The latest version of the Linux Mint operating system is here… and it’s sticking around for a while.
Linux Mint 19 “Tara” is a long term support release that’s based on Ubuntu 18.04, which means it’ll receive official support until 2023.
But extended support is only one of the things that sets Linux Mint 19 apart from its predecessors. The operating system has a updated Software Manager and Update Manager, improved support for computers with display featuring high pixel density, and a feature called Timeshift that makes it easy to restore your computer to an earlier state if you encounter a problem.
Linux Mint 19 is available for download with a choice of Cinnamon, MATE, or Xfce desktop environments. There’s no official KDE option this time around.
The biggest change isn’t entirely new. Timeshift was first introduced in Linux Mint 18.3 and made available for older versions of the operating system. But it’s now more tightly integrated into the operating system.
Timeshift basically makes snapshots of your operating system so that if an OS or package update causes something to stop working, you could either choose to troubleshoot the specific issue or just restore from an earlier snapshot. It’s sort of like using system restore points on Windows.
Since Timeshift minimizes the risk that an update will damage your system, Linux Mint’s Update Manager also now makes it easier to enable automatic updates. Previously this was a feature for advanced users. But since there’s now an easier way to restore from backups, there’s less risk associated with automatic updates.

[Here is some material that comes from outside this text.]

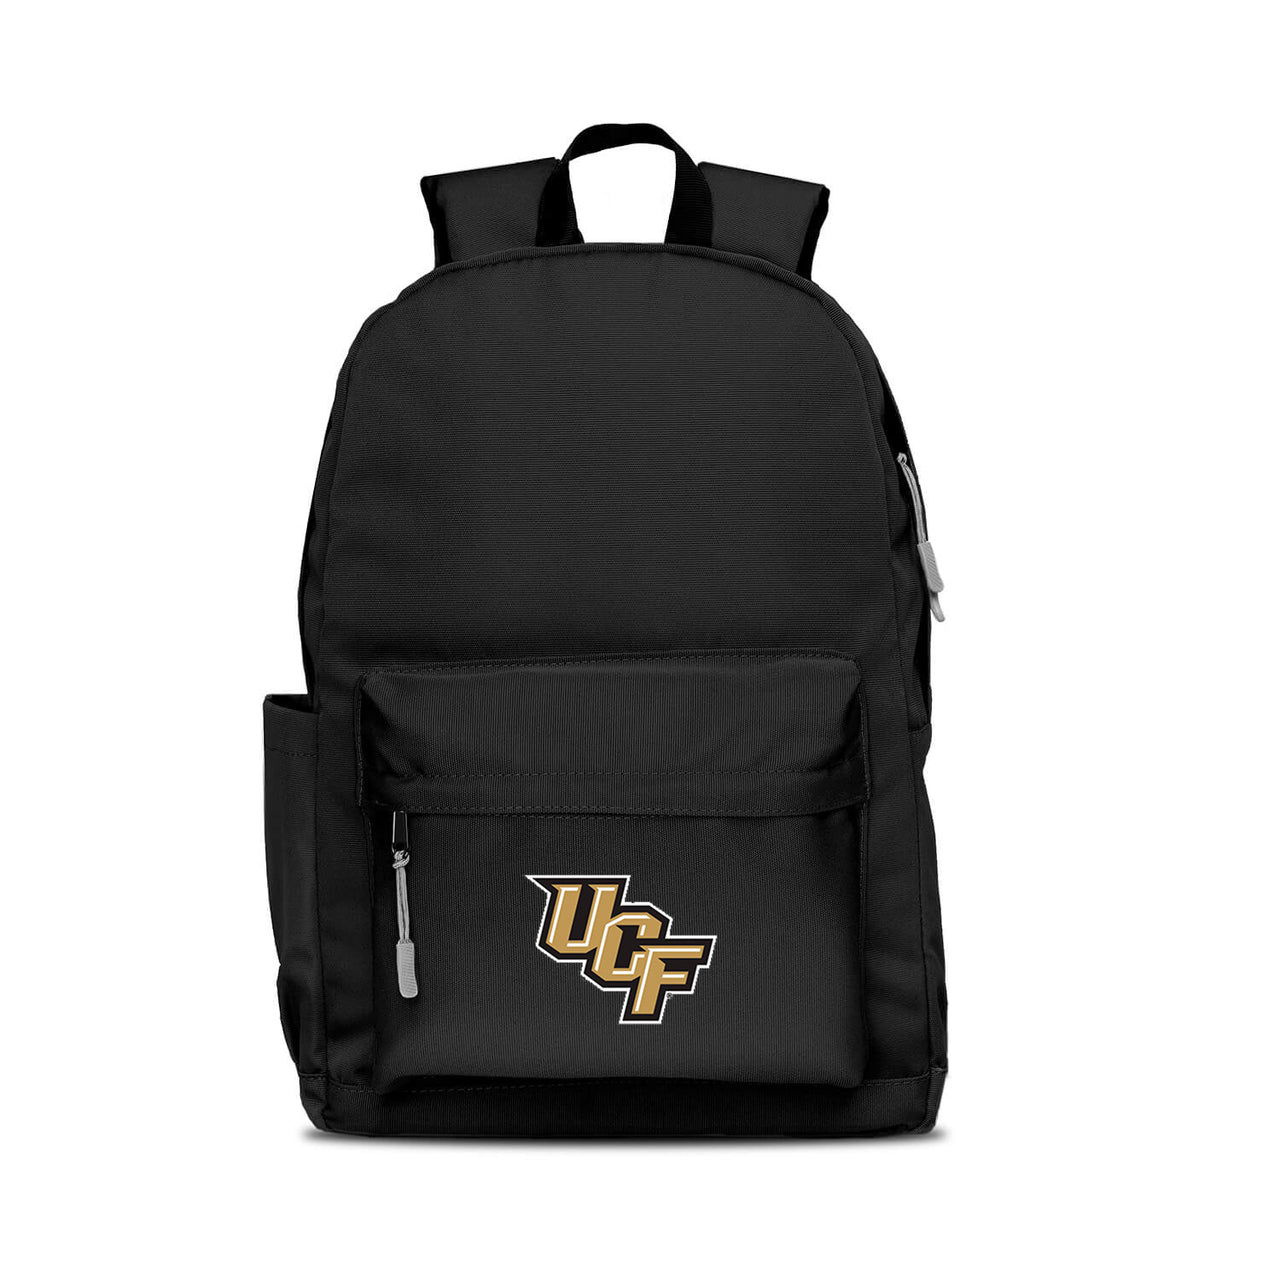 UCF Knights Campus Laptop Backpack- Black

Update Manager will show a warning if it detects Timeshift isn’t configured though.
The Linux Mint Software Manager also has an updated layout and user interface, faster sync, and support for searching within specific categories.
Linux Mint 19 also includes updated apps and features that will vary by desktop environment. For example, the Cinnamon version ships with Cinnamon 3.8 which is said to load apps an render windows more quickly, reduce lag when moving files over USB devices, and incldue better support for dark themes thanks to new icons.
LInux Mint 19 Cinnamon also offers an option to crank the sound up to 11… or rather, 150 (you can set a maximum volume level between 0 and 150 percent in the Sound settings).
Ubuntu 18.04. Does that mean it has that Azure quasi-spyware embedded into it?
Although I am in love with KDE nowadays, I think I will move one of my laptops to Mint / Cinnamon.
I have had Mint on multiple of my systems for more than a couple of years and it has been a great experience.
I would say that Mint is the most polished Linux distro I have ever used. Fewer issues than Ubuntu (which it is based on)
Linux Mint has been my daily driver for many years. I often hear it is for Linux noobies but I like that it “just works” and lets me go about whatever I am doing without getting in the way. Timeshift is great, but I haven’t had a driver issue in years. I use Dell desktops/laptops and Dell is pretty Linux friendly. I even have an old netbook running Linux Mint (with LXDE).